● **Given data**:
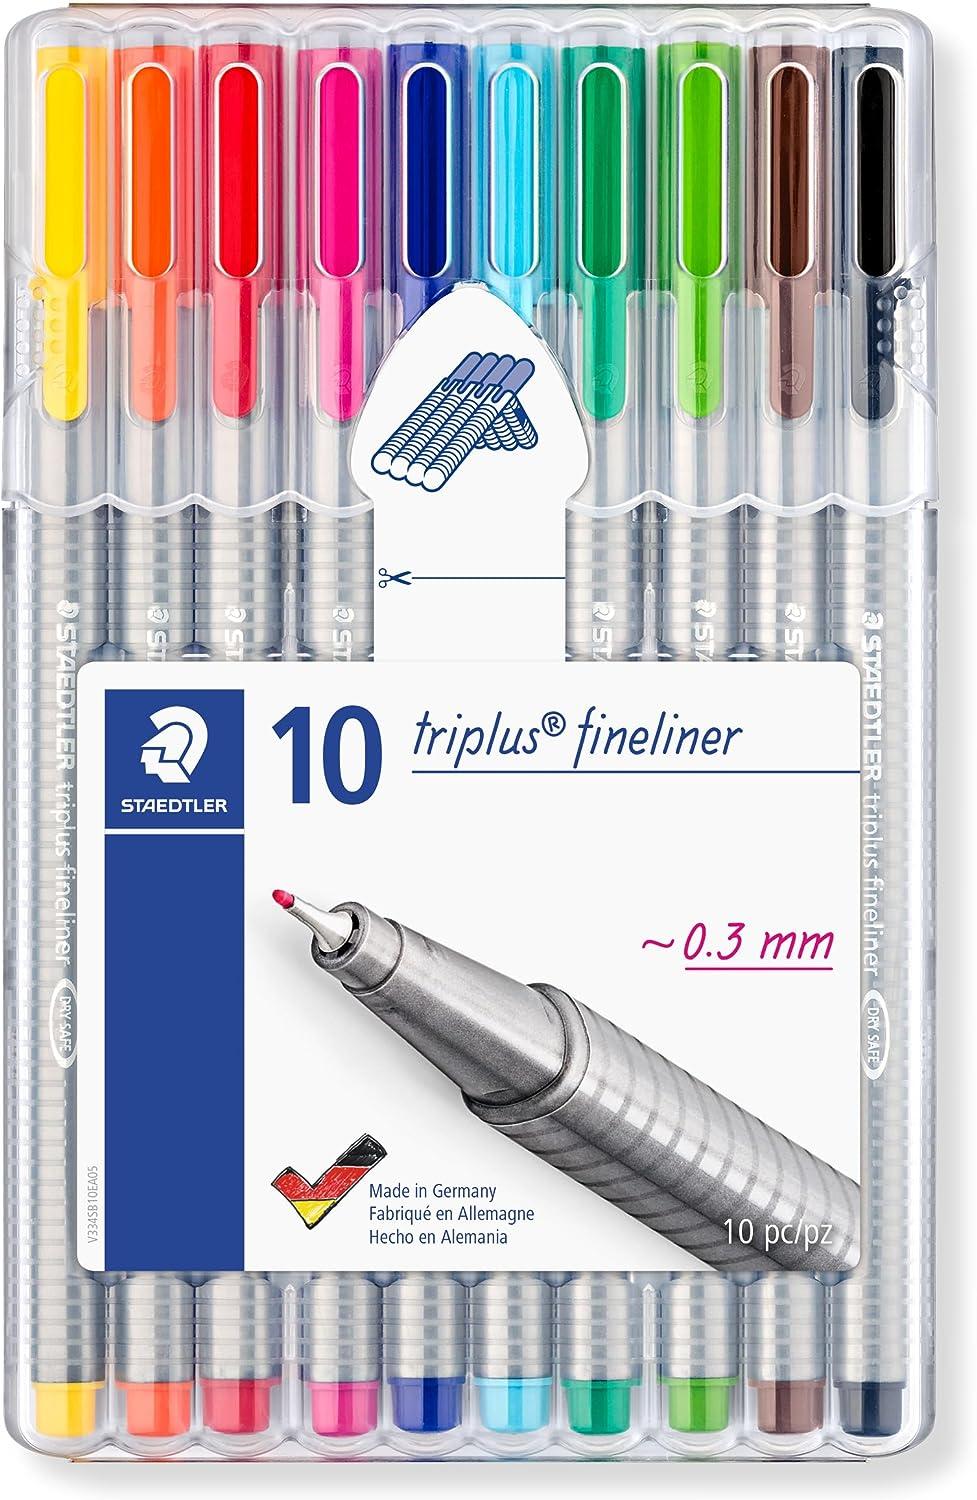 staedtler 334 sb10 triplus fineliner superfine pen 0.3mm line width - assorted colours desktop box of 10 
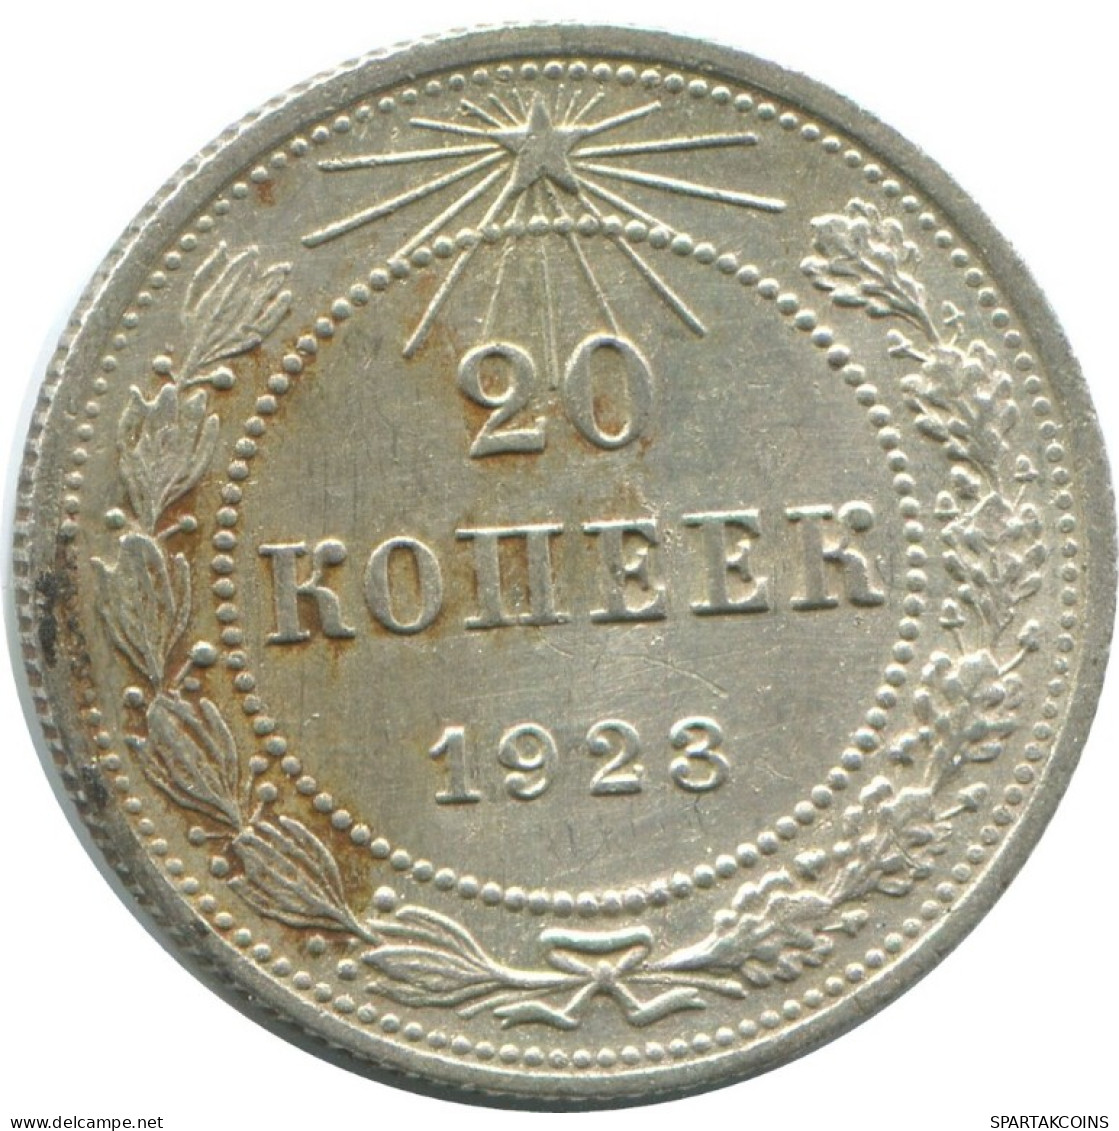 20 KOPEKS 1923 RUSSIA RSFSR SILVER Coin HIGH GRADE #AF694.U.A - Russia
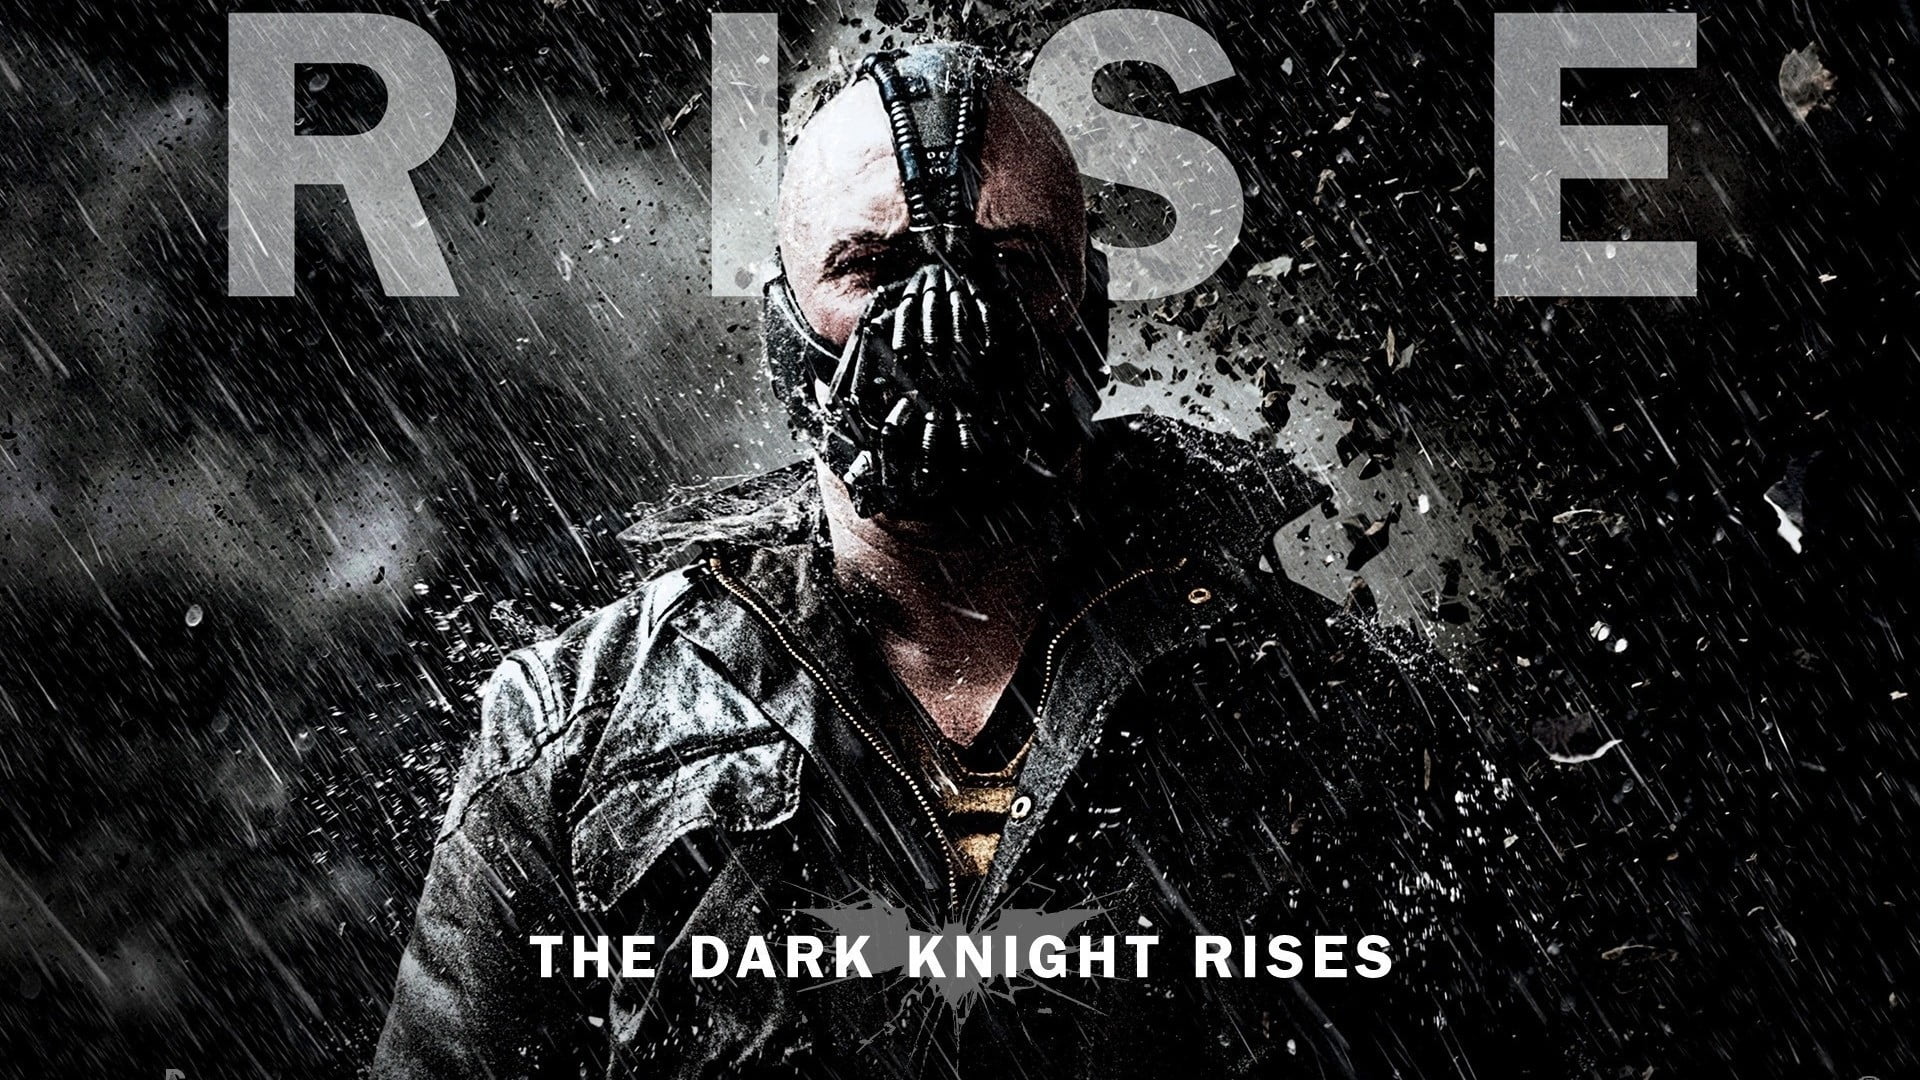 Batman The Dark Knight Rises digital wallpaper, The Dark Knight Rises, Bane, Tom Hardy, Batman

● **Task to complete**: Please give back the material above exactly as written, pictures omitted.

● **Exercise result**:
 staedtler 334 sb10 triplus fineliner superfine pen 0.3mm line width - assorted colours desktop box of 10 
 20 KOPEKS 1923 RUSSIA RSFSR SILVER Coin HIGH GRADE #AF694.U.A - Russia
 Batman The Dark Knight Rises digital wallpaper, The Dark Knight Rises, Bane, Tom Hardy, Batman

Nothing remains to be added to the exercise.